And again, we are talking here about the question of whether there will be a floor debate in the Senate that will culminate in an actual vote on a resolution. That the public debate continues is obvious, and that debate will continue until the war is over (and even then, it will continue).
At the moment, the failure to move any of the resolutions to the floor has meant that the Senate is currently moving on to other business.

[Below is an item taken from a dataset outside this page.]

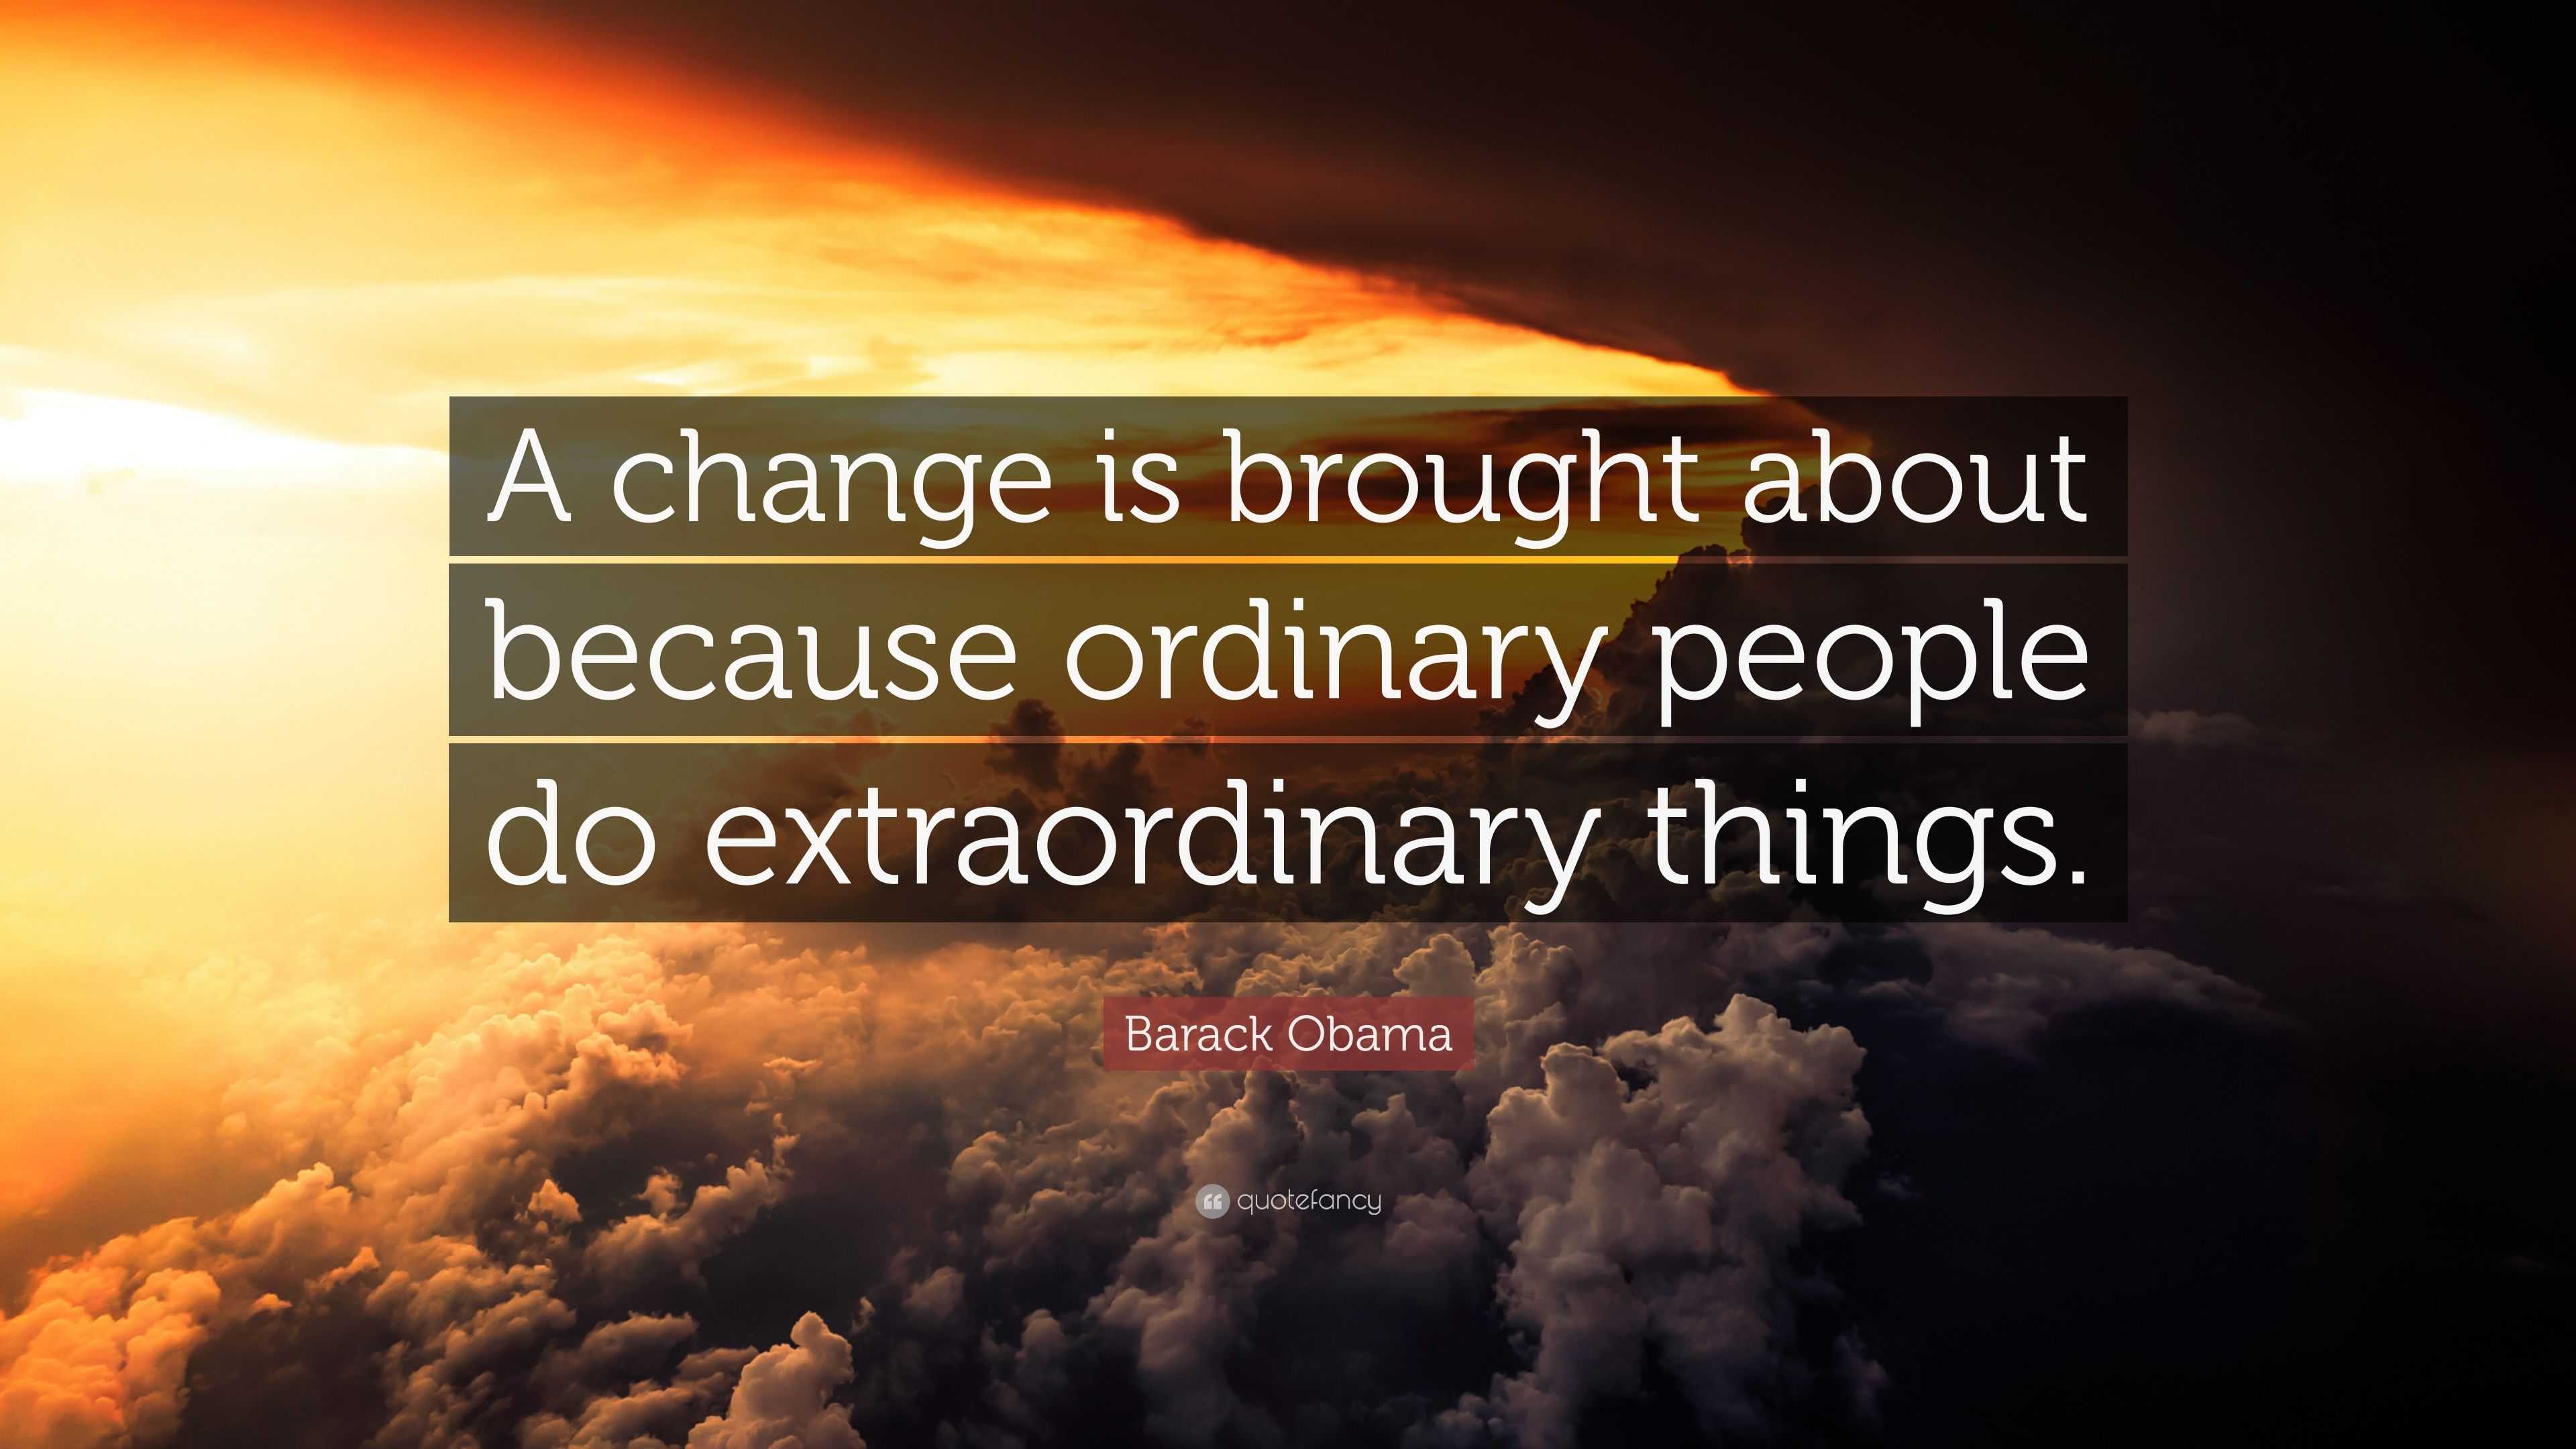 Barack Obama Quote: “A change is brought about because ordinary people

Meanwhile, WaPo reports that 7 GOP Senators Back War Debate:
Senate Republicans who earlier this week helped block deliberations on a resolution opposing President Bush’s new troop deployments in Iraq changed course yesterday and vowed to use every tactic at their disposal to ensure a full and open debate.In a letter distributed yesterday evening to Senate leaders, John W. Warner (Va.), Chuck Hagel (Neb.) and five other GOP supporters of the resolution threatened to attach their measure to any bill sent to the floor in the coming weeks. Noting that the war is the “most pressing issue of our time,” the senators declared: “We will explore all of our options under the Senate procedures and practices to ensure a full and open debate.”
The Senators in question (in addition to those noted above) are:
The other Republican senators who signed the letter were Susan Collins and Olympia J. Snowe of Maine, Norm Coleman (Minn.), Gordon Smith (Ore.), and George V. Voinovich (Ohio).
We return, at this point, to an “inside baseball” discussion of how the Senate works. On the one hand, Majority Leader Reid is treating the resolutions of issue to be dead, the seven signatories to the letter noted above are threatening to use various parliamentary procedures to reignite the discussion:
The letter sent to Senate Majority Leader Harry M. Reid (D-Nev.) and Minority Leader Mitch McConnell (R-Ky.) was not more specific about the Republican senators’ strategy for reviving the war debate. But under the chamber’s rules, senators have wide latitude in slowing the progress of legislation and in offering amendments, regardless of whether they have anything to do with the bill.
Of course, there is nothing that would stop any member of the Senate from writing a new proposed resolution and then trying to find a way of getting it to the floor.
Ultimately what has happened here in the last several days is that a Senator (Levin) tried to get a specific proposed resolution before the chamber for debate and a vote. Two other alternative resolutions also emerged (one may have been in the form of an amendment). At any rate, the votes were not there to proceed to debate. That led to all the brouhaha over whether the GOP was blocking debate (in a sense they were), and has led the Senate to move on to new business. This is all wholly normal for Senate operations.
Update: Edited to fix an awkward sentence.